Five simple ways to optimise your diet | BBC Ideas

Five simple ways to optimise your diet | BBC Ideas

Brief Summary

This video from BBC Ideas offers five simple, trustworthy tips for healthy eating amidst the overwhelming amount of dietary advice available. It covers the importance of when you eat certain foods, the impact of food processing, the significance of the gut microbiome, and the emerging field of personalised nutrition, while reinforcing the importance of eating whole, unprocessed foods and a diverse diet.

  • Eating treats after meals helps control glucose spikes.
  • Prioritise whole, unprocessed foods to maximise the thermic effect of food.
  • Cultivate a healthy gut microbiome by eating a wide variety of foods.
  • Limit ultra-processed foods by checking for unfamiliar ingredients.
  • While personalised nutrition is promising, core dietary advice still applies to everyone.

Tip 1: The Order You Eat Matters

Eating a treat like chocolate cake after a meal is better than eating it on its own because it helps control glucose spikes. When you consume carbohydrates or sweet foods, your blood glucose levels rise. A rapid and sharp increase is followed by a crash, leading to tiredness, irritability, and renewed hunger. To manage these spikes, you can exercise after eating or consume foods high in fibre, such as vegetables or porridge oats. The order in which you eat your food also plays a role; eating fats, proteins, or vegetables before carb-heavy foods like white rice or pasta can flatten the glucose curve because having something in your stomach first slows down how quickly the carbohydrates reach the small intestine for digestion.

Tip 2: Not All Calories Are Equal

Counting calories is difficult and often inaccurate, with most people underestimating their calorie intake by about 25%. More importantly, not all calories behave the same way inside your body. Foods in their natural state, such as nuts, fruit, vegetables, and fish, require more energy to digest due to the thermic effect of food. This means that high-calorie foods like nuts can still be a healthy choice because the body uses a significant amount of energy to digest them.

Tip 3: Look After Your Gut

The gut microbiome, a vast ecosystem in the digestive tract containing trillions of bacteria, fungi, viruses, and cells, can weigh up to 2 kilos and has a profound impact on physical and potentially mental health. To maintain a healthy microbiome, it's important to eat a wide range of different foods. Seeds, fruits, vegetables, the yoghurt drink kefir, and other fermented foods are particularly beneficial for gut health.

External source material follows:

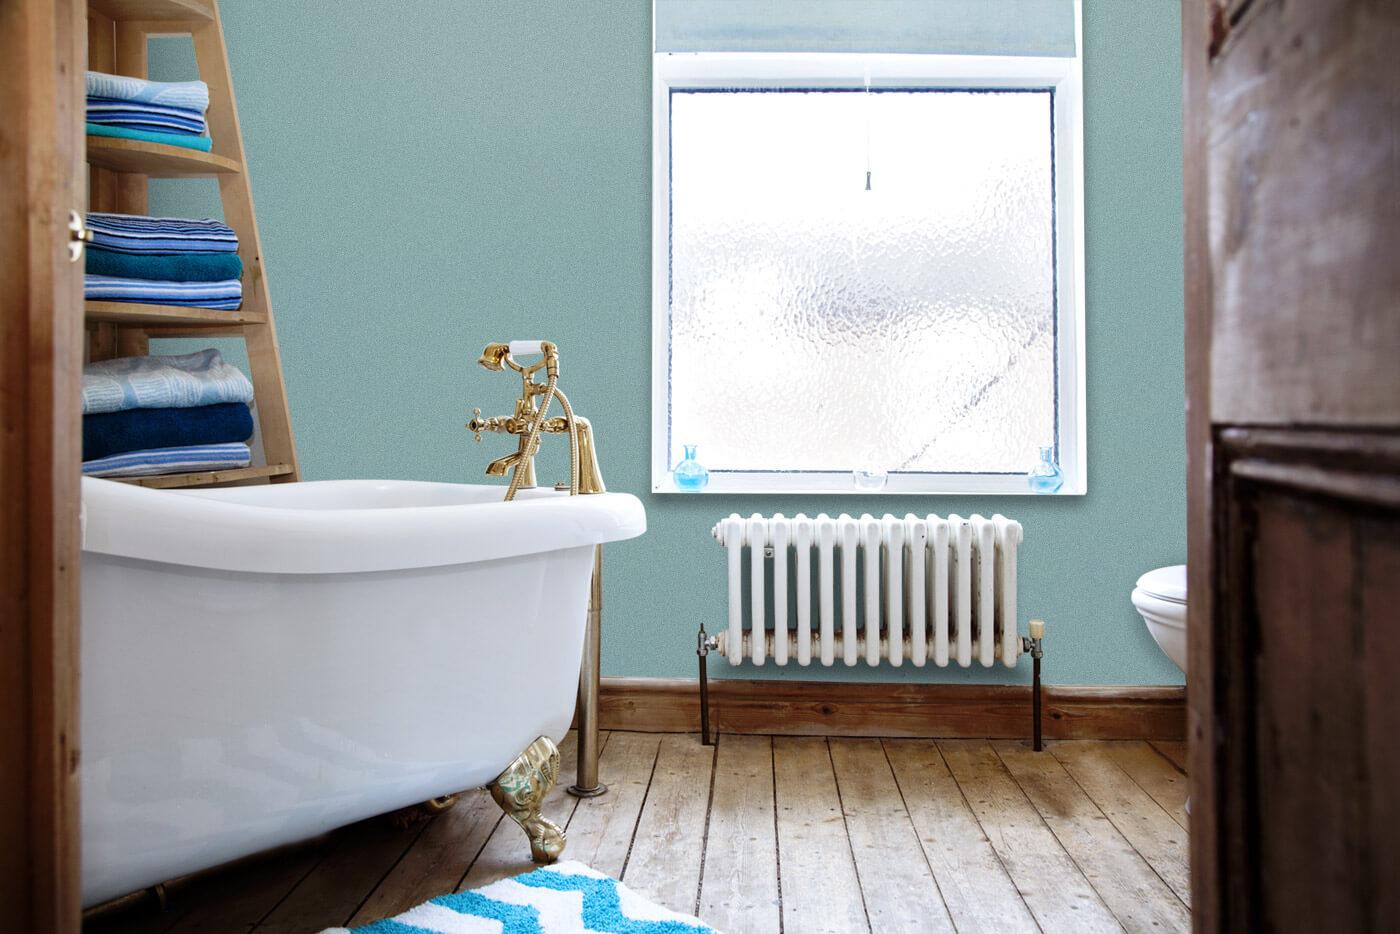 Aquamax Azure Shimmer Shower Panel - Bathroom Cladding Store

Tip 4: Avoid Ultra-Processed Foods

In the UK, 57% of calories consumed come from ultra-processed foods (UPF), and this figure is even higher for children. UPFs include pizza, ready meals, and biscuits, as well as seemingly healthy options like most supermarket breads, many breakfast cereals, and milk and meat substitutes. Since UPFs are not labelled, a good rule of thumb is to look for ingredients you don't recognise, such as emulsifiers, sweeteners, colourings, and preservatives.

Tip 5: Personalised Nutrition

Personalised nutrition is an emerging approach where food choices are tailored to individual needs. Research has shown that blood glucose levels can vary widely among individuals after eating the same food, potentially due to differences in their gut microbiomes. While the idea is to tailor food choices to the specific needs of individual bodies, nutritionists emphasise that core messages still apply across the board. For a healthy diet, aim for foods close to their natural state, such as an orange instead of orange juice, brown rice instead of white rice, and dark chocolate instead of milk chocolate. Aim for a wide variety of foods and try to avoid eating too many ingredients you don't recognise.